=== Task requirements ===
Your output should be the lines from the one containing "Why Mini Bags Are Spring's Prettiest Trend" through the end of the listing, exact and inclusive, with no pictures.

=== Collected material ===

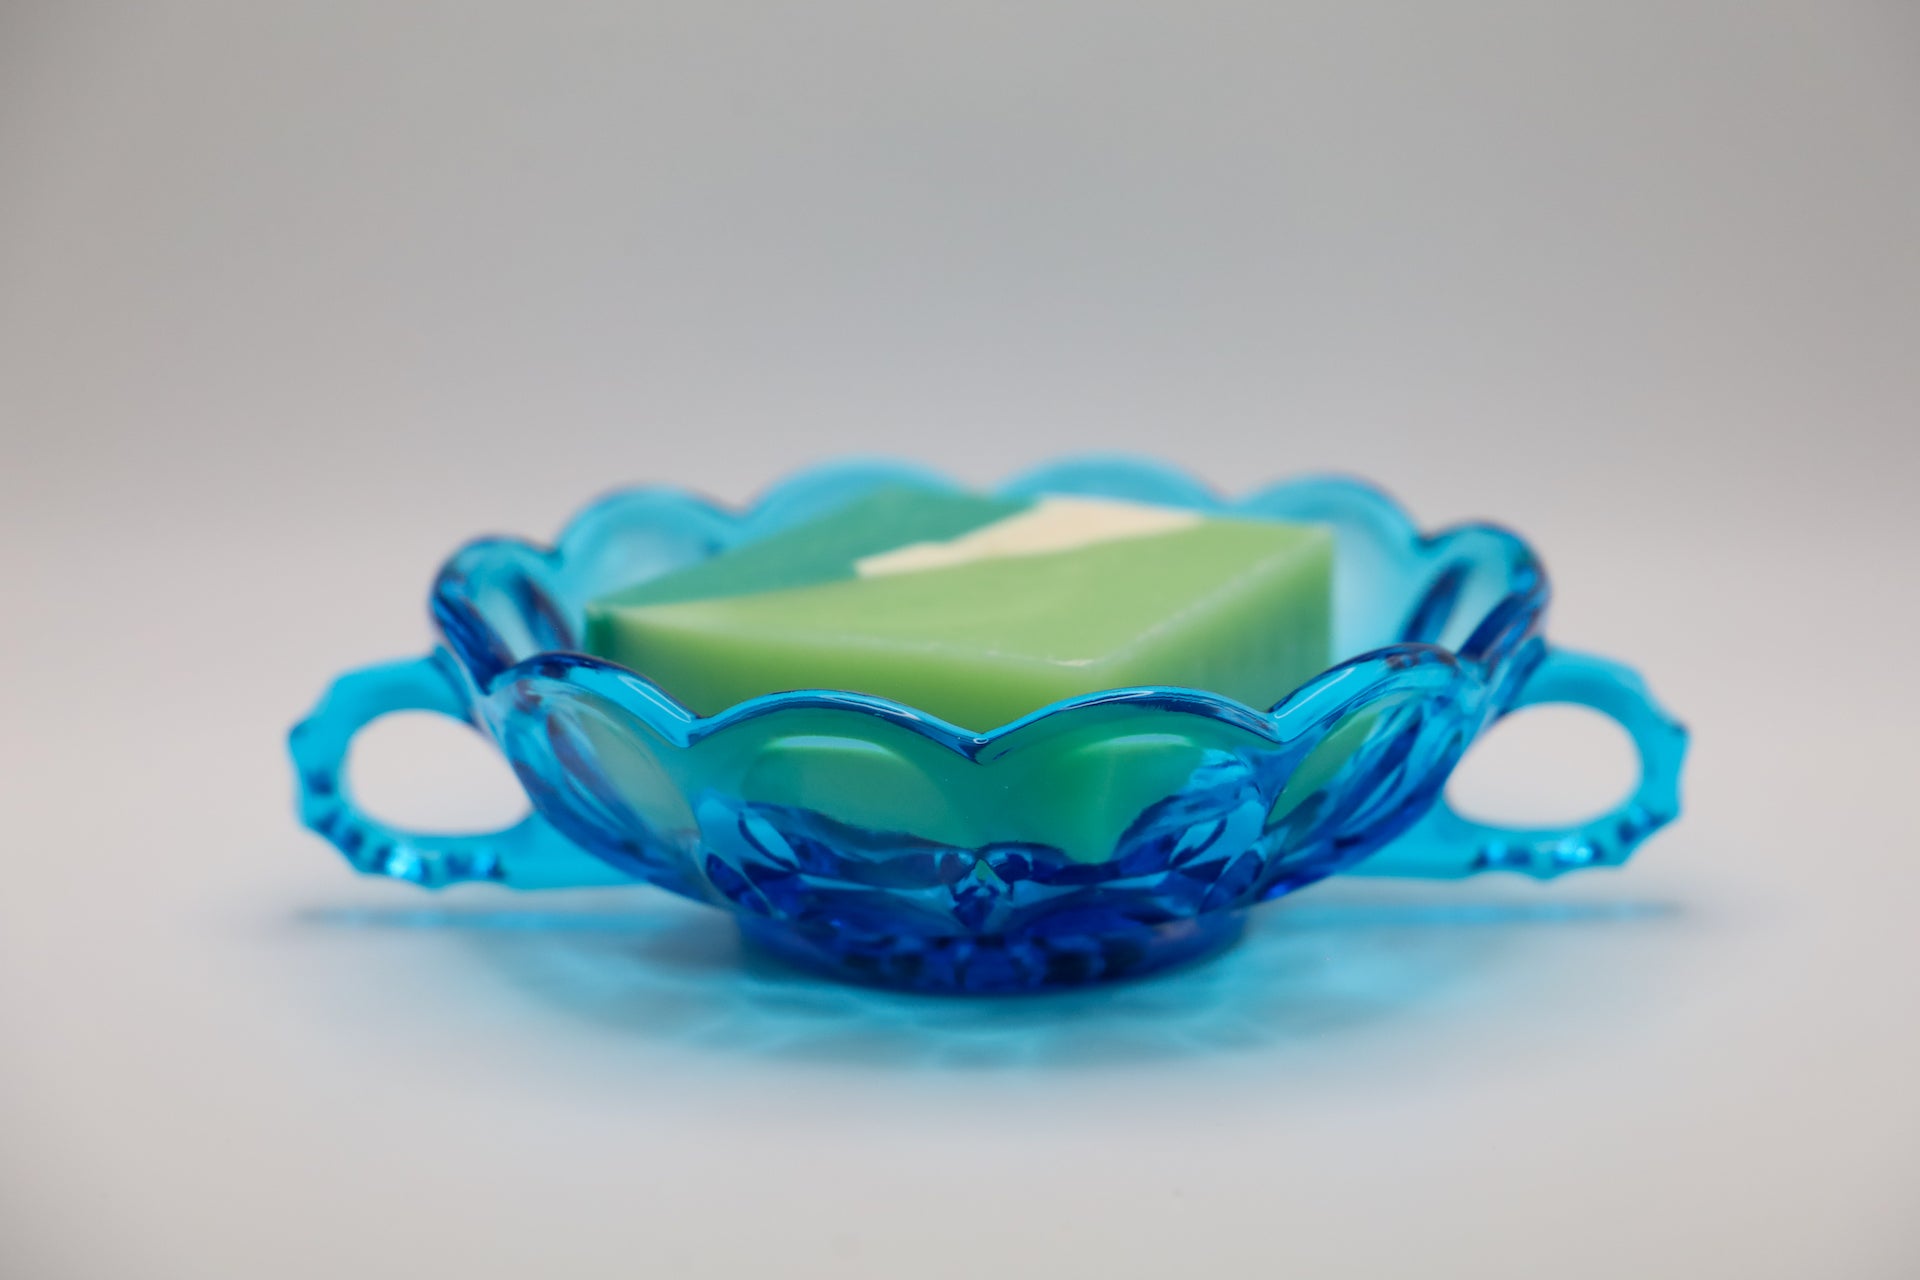 Fairfield Blue Nappy Dish by Anchor Hocking
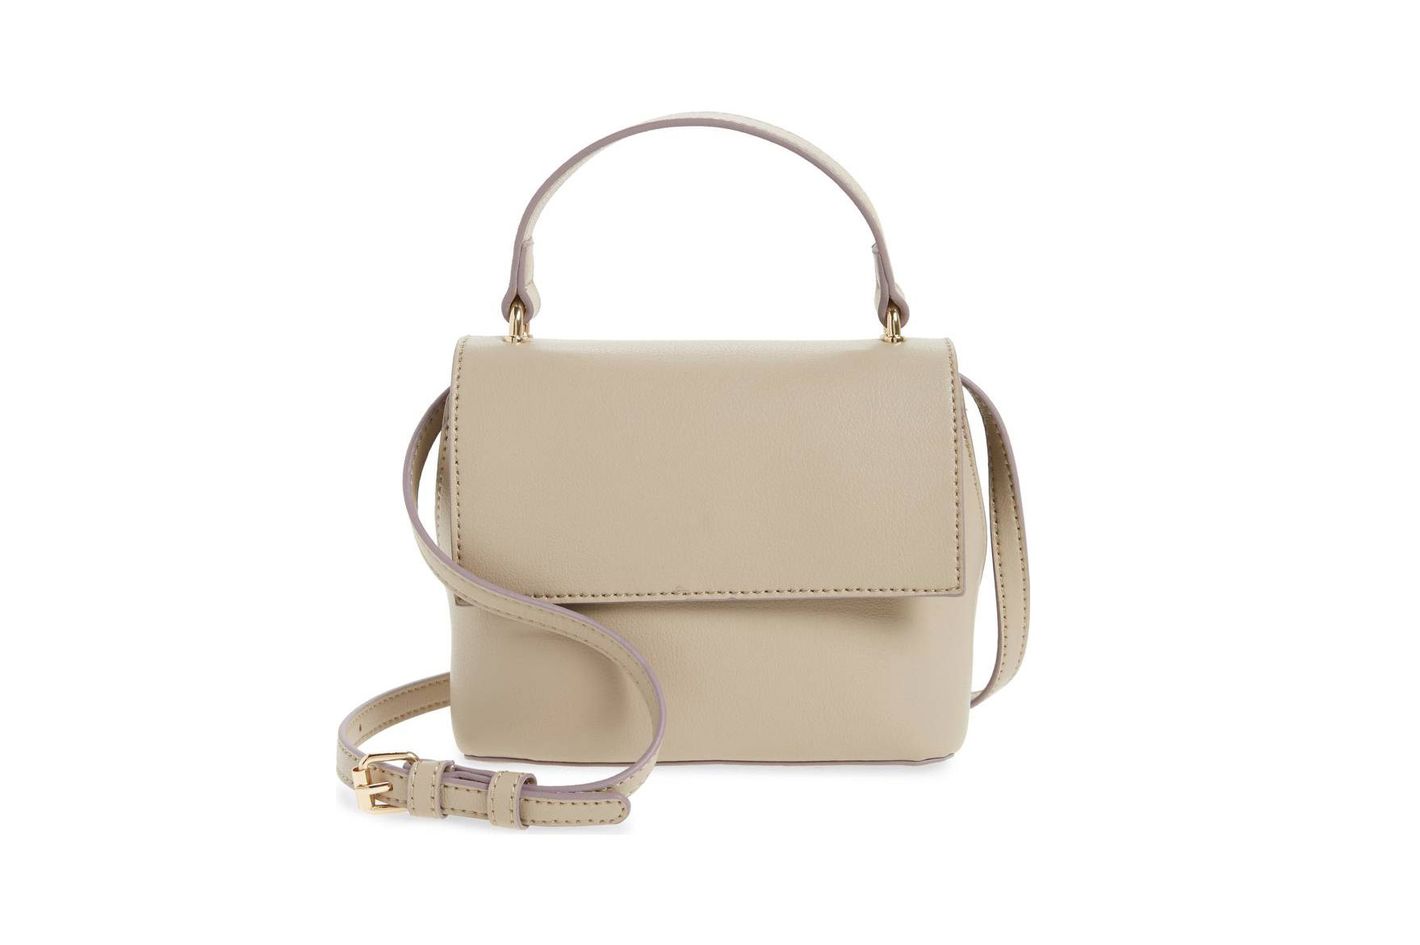 Why Mini Bags Are Spring's Prettiest Trend
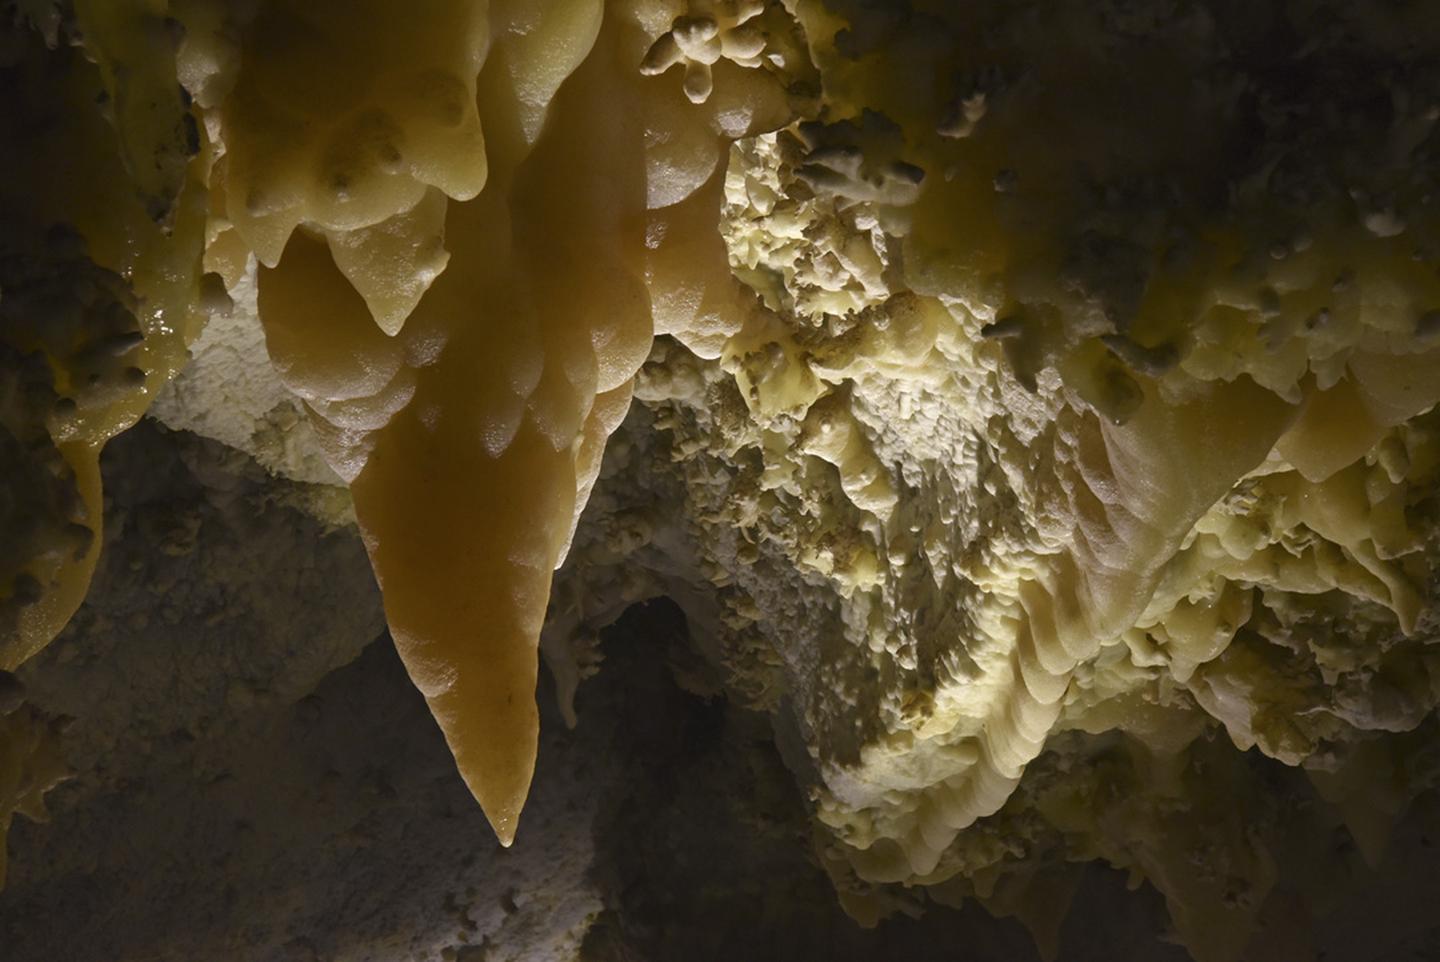 Yellow pointed cave formation clinging to the cave ceiling surrounded by other knobby formationsStalactites

=== Response ===
 Why Mini Bags Are Spring's Prettiest Trend
 Yellow pointed cave formation clinging to the cave ceiling surrounded by other knobby formationsStalactites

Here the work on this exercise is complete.